§ SOURCE MATERIAL:
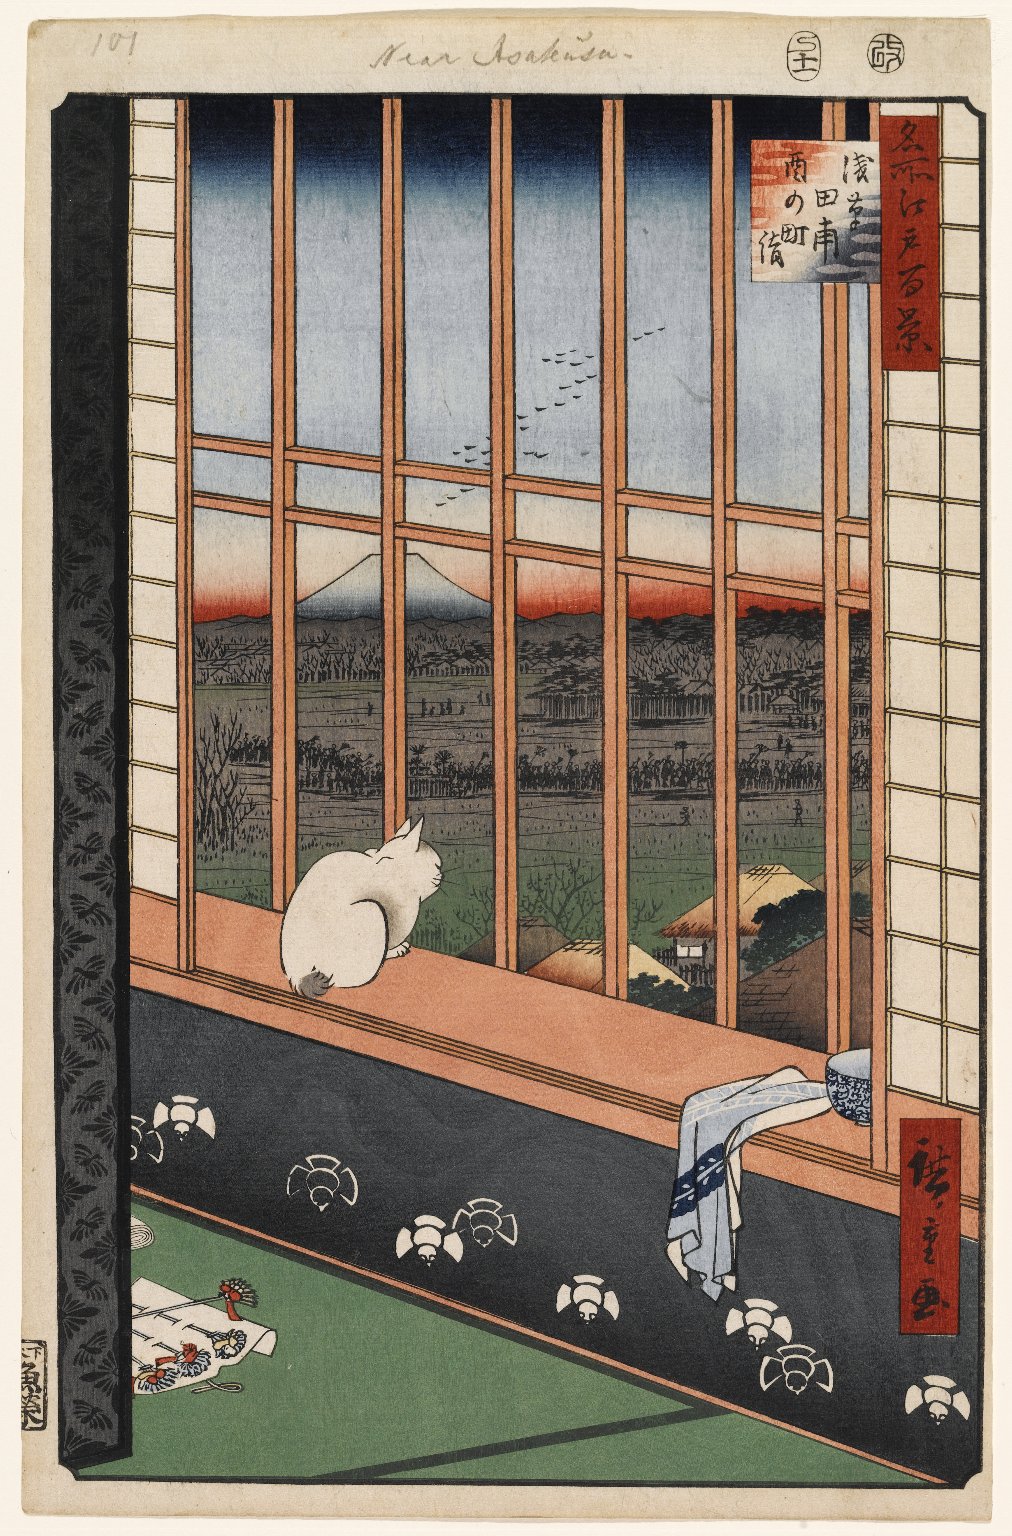 淺草稻田和都靈町節，101號 by  Hiroshige - 1857年 - 36 x 23.5 cm 
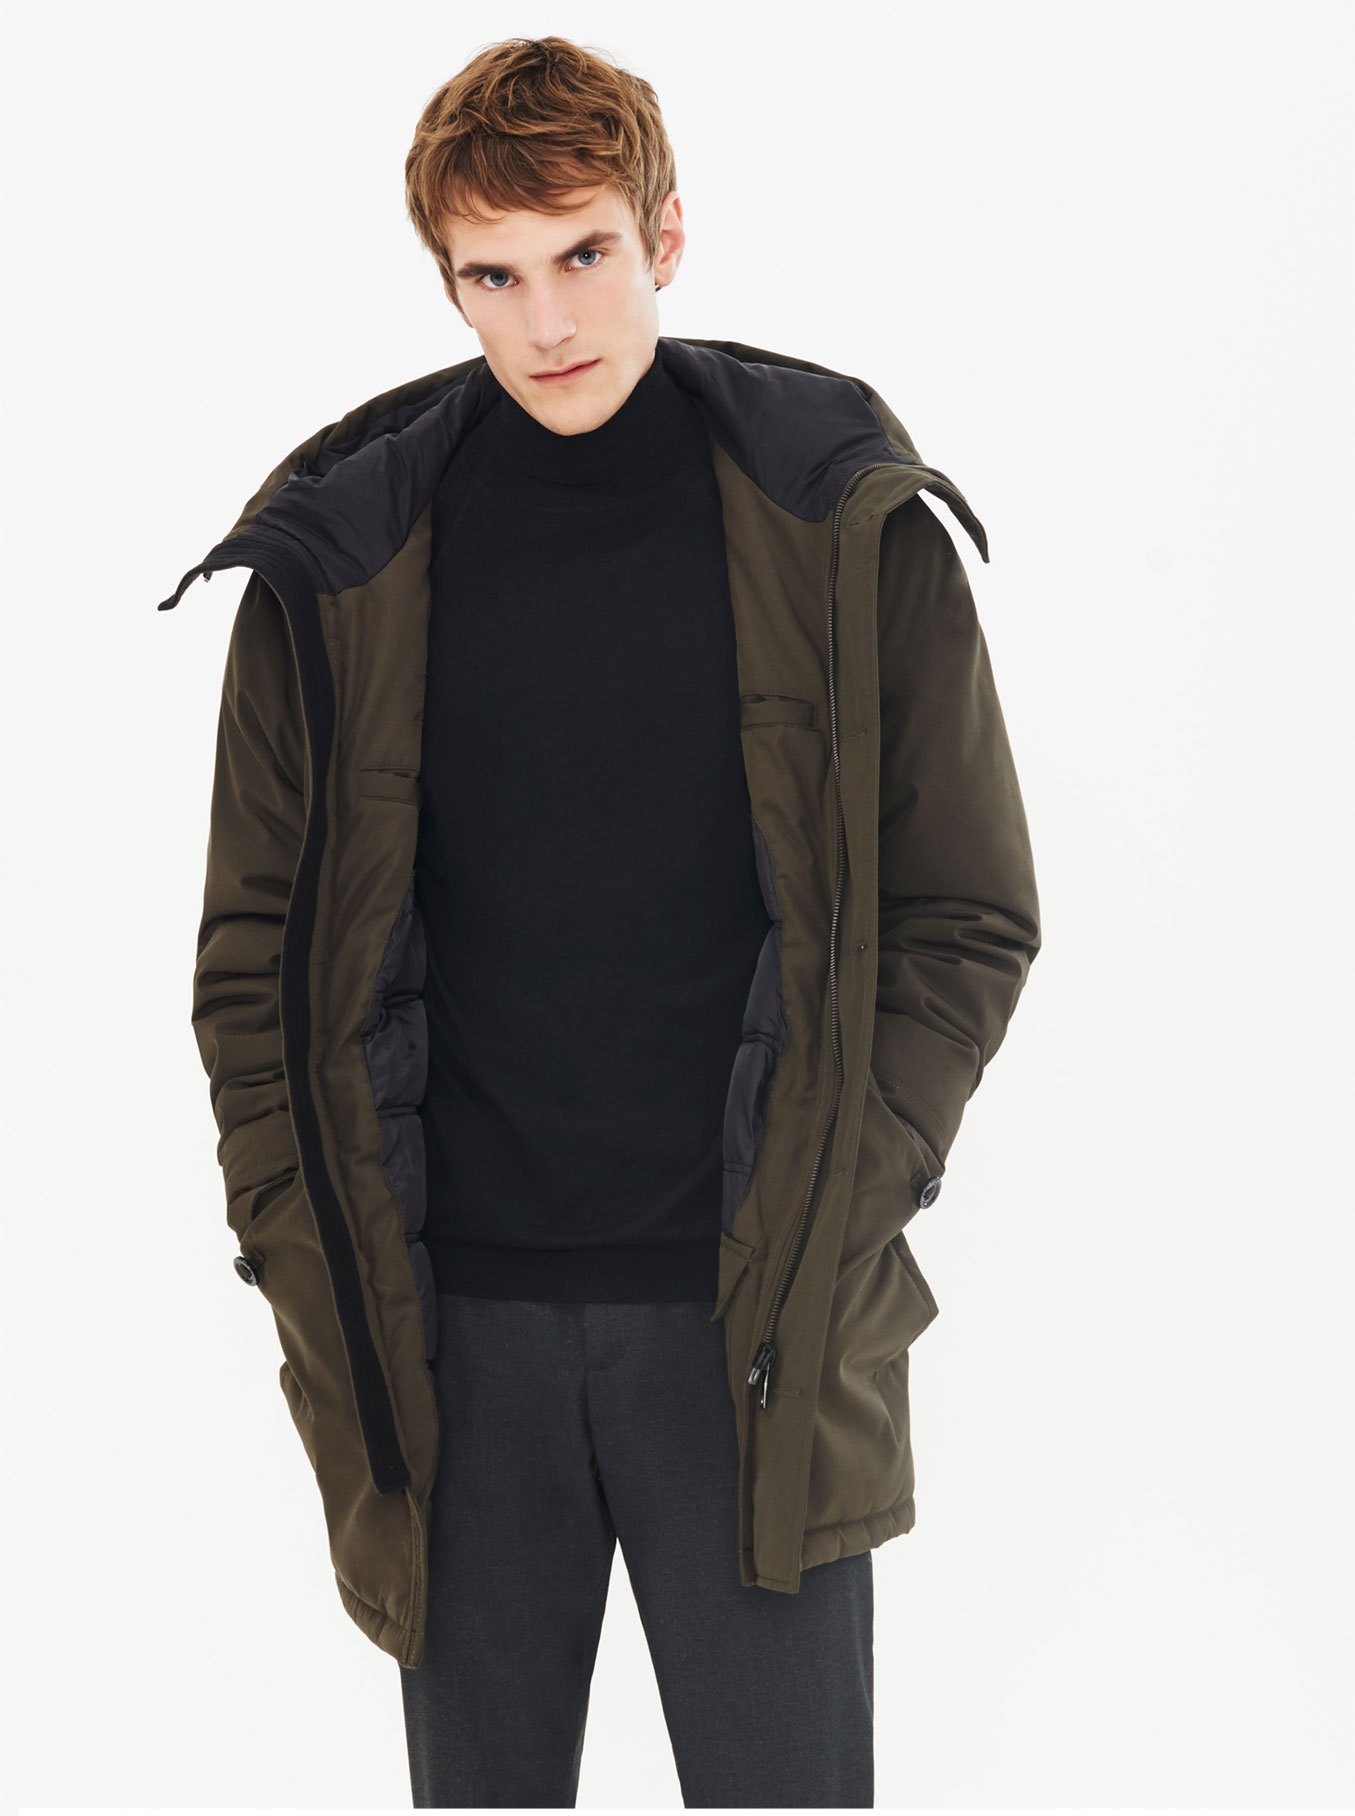 Zara Men 2015 Winter Coat 004
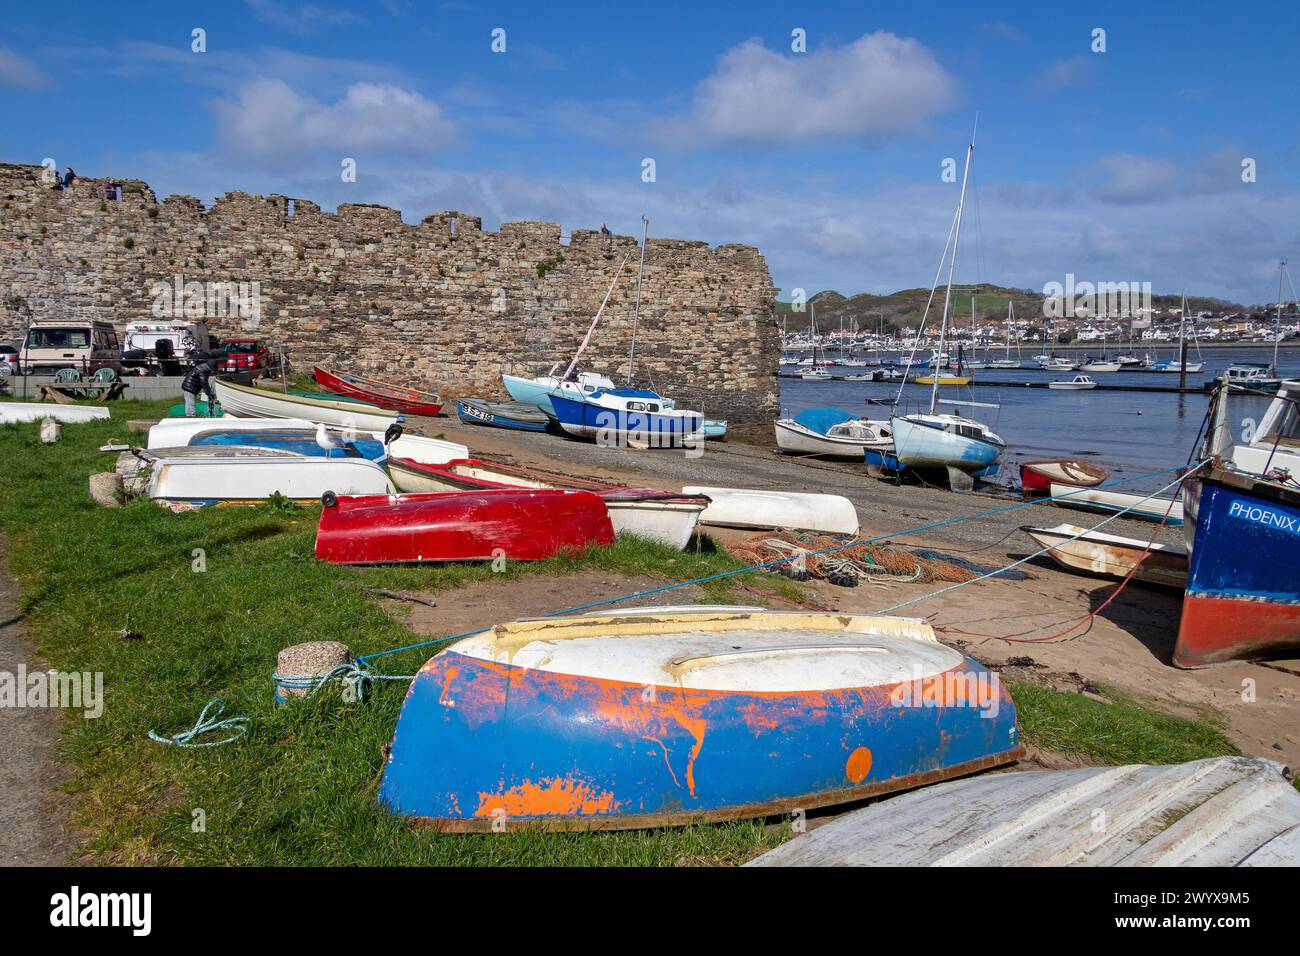 Mur de la ville, port de pêche, Conwy, pays de Galles, Grande-Bretagne Banque D'Images

§ WHAT THIS TASK INVOLVES: Take the lines from the one containing "Zara Men 2015 Winter Coat 004" through the last line of the listing and repeat them exactly. Omit the pictures.

§ OUTPUT OF THE TASK:
 Zara Men 2015 Winter Coat 004
 Mur de la ville, port de pêche, Conwy, pays de Galles, Grande-Bretagne Banque D'Images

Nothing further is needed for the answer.